A Model identifies the document-shape you want to extract from. For each Model, you will define the zones where data should be extracted. In the example in which we want to extract the amount billed from our electricity, water and telecom provider, we would define three Models: one for electricity, one for water and one for telecom.

How to define a Model?

Note: before doing this, you should have defined at least one Field. See the Fields chapter for more details.

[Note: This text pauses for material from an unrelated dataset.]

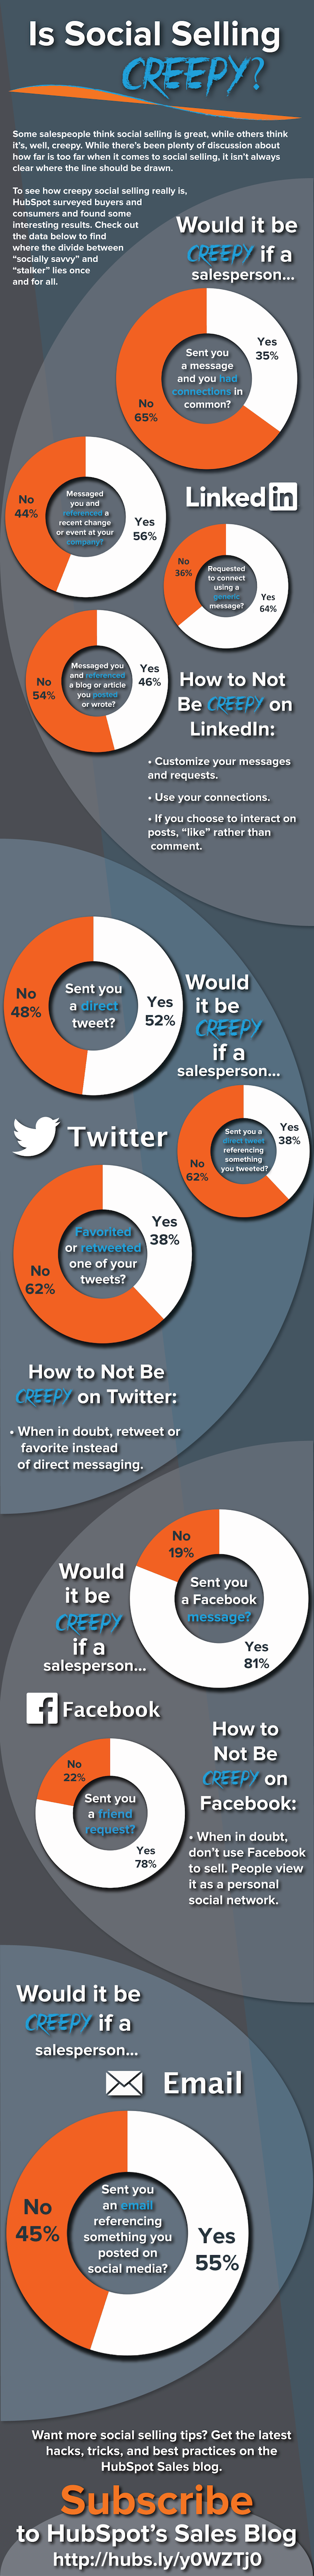 socialselling.infographic

  1. Select the Models tab
  2. Click on the add Model button at the bottom left of the window
  3. Choose a name for your Model
  4. Drag and Drop a PDF on the big gray area (Note : your PDF must have been through Optical Character Recognition (OCR). See here for more details)
  5. For each Field in the drop down menu on top of the window, select the text (zone) that you want to extract. A green indicator indicates that the zone has been defined for the current Model and the current Field. Note: To select text, you can either pick the Rectangle Selection Tool where you draw a rectangle around the text to select, or the Text Selection Tool where you directly select the text.
  6. Click on the Options button to define extra options:
    • For text Fields: define a constant value: the extracted value will always be this constant for the current Model
    • For date Fields: IMPORTANT: choose the format being the closest to the one in the PDF model. This gives PDFZone a hint for a perfect recognition on the date.

When a Model has been fully defined, its indicator turns green in the list on the left side of the window. Model green indicator

You can save your configuration via the File menu.

How to remove a Model?

  1. Select the Model(s) you want to delete
  2. Click on the remove Model button at the bottom left of the window, or press the backspace key. You can also swipe left for removing a single Model.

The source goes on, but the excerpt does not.